Extrait de l'arrêt n° 6/2017 du 25 janvier 2017 Numéros du rôle : 6325 et 6326 En cause : les questions préjudicielles relatives à l'article 21bis du Code d'instruction criminelle, inséré par l'article 24 de la loi du 27 décembre 2012Documents pertinents retrouvés type loi prom. 27/12/2012 pub. 31/01/2013 numac 2013009021 source service public federal justice Loi portant des dispositions diverses en matière de justice fermer portant des dispositions diverses en matière de justice, posées par la chambre des mises en accusation de la Cour d'appel de Bruxelles.

La Cour constitutionnelle, composée des présidents J. Spreutels et E. De Groot, et des juges L. Lavrysen, A. Alen, J.-P. Snappe, J.-P. Moerman, E. Derycke, T. Merckx-Van Goey, P. Nihoul et F. Daoût, assistée du greffier P.-Y. Dutilleux, présidée par le président J. Spreutels, après en avoir délibéré, rend l'arrêt suivant : I. Objet des questions préjudicielles et procédure a. Par arrêt du 23 décembre 2015 en cause de N.J., dont l'expédition est parvenue au greffe de la Cour le 31 décembre 2015, la chambre des mises en accusation de la Cour d'appel de Bruxelles a posé la question préjudicielle suivante : « L'article 21bis du Code d'instruction criminelle viole-t-il les articles 10 et 11 de la Constitution, en ce qu'il ne prévoit pas de possibilité de recours contre l'absence de décision du ministère public quant à une demande d'accès à un dossier à l'information, alors qu'un recours est institué par l'article 61ter du Code d'instruction criminelle, contre l'absence de décision du juge d'instruction suite à une demande d'accès à un dossier à l'instruction ? ». b. Par arrêt du 23 décembre 2015 en cause de A.K., dont l'expédition est parvenue au greffe de la Cour le 31 décembre 2015, la chambre des mises en accusation de la Cour d'appel de Bruxelles a posé la question préjudicielle suivante : « L'article 21bis du Code d'instruction criminelle viole-t-il les articles 10 et 11 de la Constitution, en ce qu'il ne prévoit pas de possibilité de recours contre la décision du ministère public de refuser l'accès à un dossier à l'information judiciaire, alors qu'un tel recours est institué par l'article 61ter du Code d'instruction criminelle, contre la décision du juge d'instruction de refuser l'accès à un dossier à l'instruction ? ».
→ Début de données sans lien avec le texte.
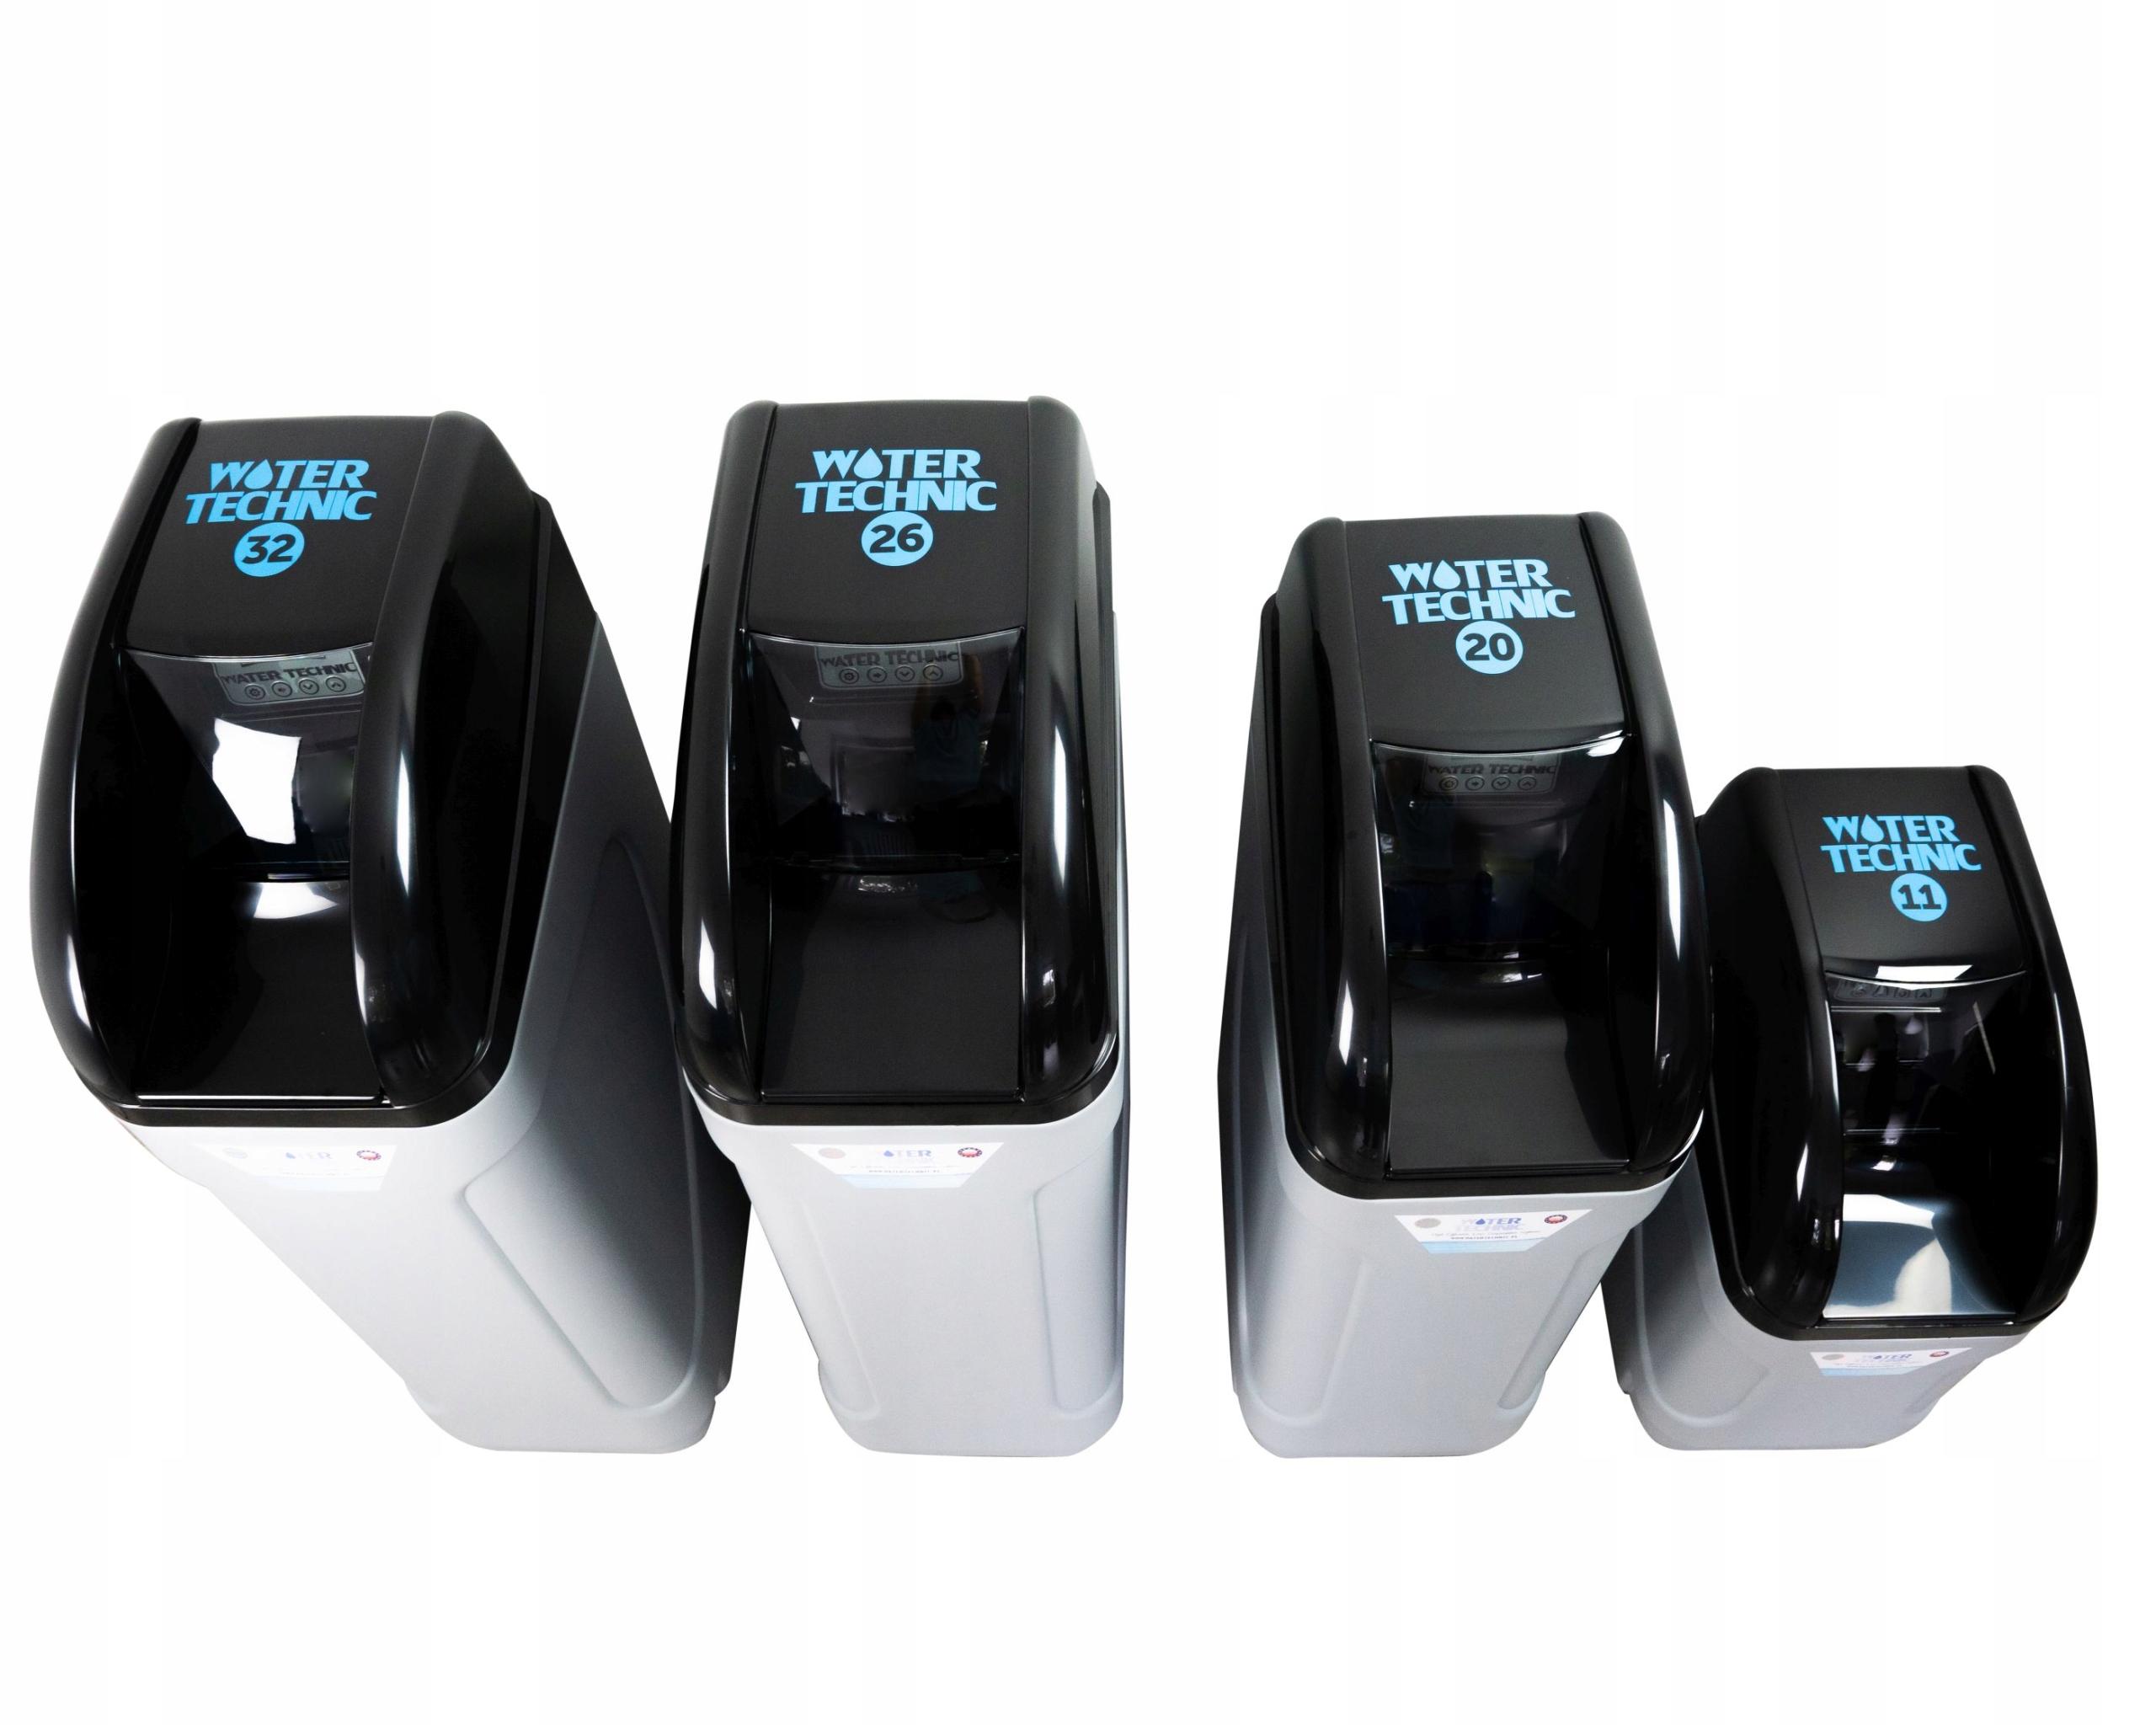 ZMIĘKCZACZ WODY WATER TECHNIC 32 +GENERATOR CHLORU Marka Water Technic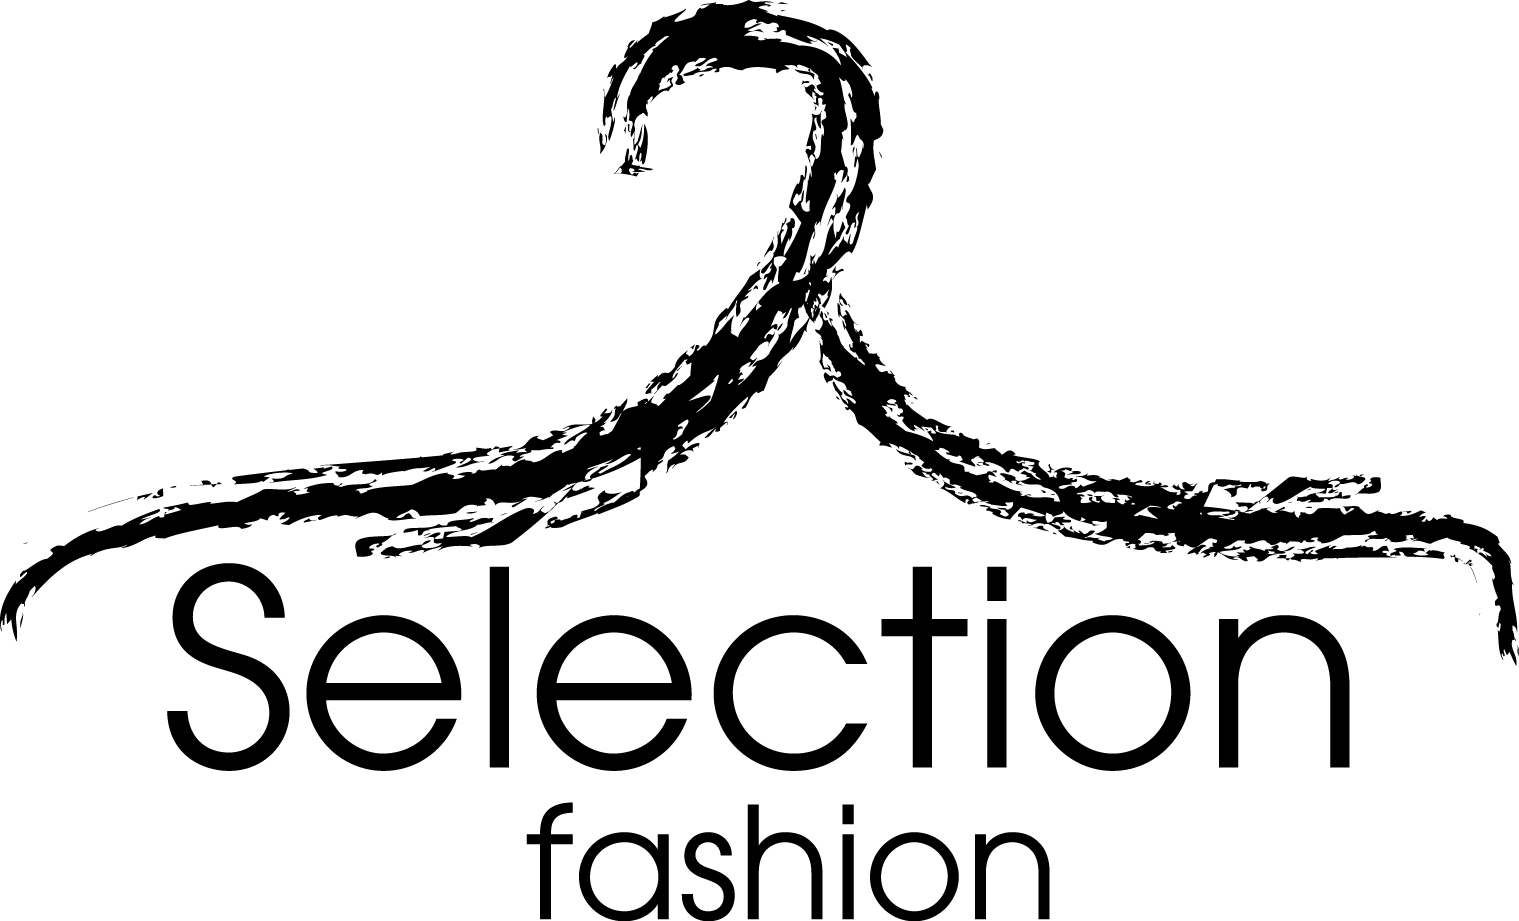 Selection Fashion

Ces affaires, inscrites sous les numéros 6325 et 6326 du rôle de la Cour, ont été jointes. (...) III. En droit (...) B.1.1. Les questions préjudicielles portent sur l'article 21bis du Code d'instruction criminelle, qui dispose : « Sans préjudice des dispositions des lois particulières et de l'application des articles 28quinquies, § 2, 57, § 2, et 127, § 2, il est statué sur la demande de la personne directement intéressée de consulter le dossier ou d'en obtenir copie par le juge d'instruction, conformément à l'article 61ter, ou par le ministère public, en fonction de l'état de la procédure.

Est considérée comme personne directement intéressée : l'inculpé, la personne à l'égard de laquelle l'action publique est engagée dans le cadre de l'instruction, la personne soupçonnée, la partie civilement responsable, la partie civile, celui qui a fait une déclaration de personne lésée, ainsi que ceux qui sont subrogés dans leurs droits ou les personnes qui les représentent en qualité de mandataire ad hoc, de curateur, d'administrateur provisoire, de tuteur ou de tuteur ad hoc.

Dans tous les autres cas, la décision sur l'autorisation de consulter le dossier ou d'en obtenir copie est prise par le ministère public, même pendant l'instruction ».

B.1.2. La juridiction a quo interroge la Cour au sujet de la compatibilité de cette disposition avec les articles 10 et 11 de la Constitution, en ce qu'elle ne prévoit pas de possibilité de recours contre l'absence de décision ou le refus du ministère public quant à une demande d'accès, formulée par une personne soupçonnée, à un dossier à l'information la concernant.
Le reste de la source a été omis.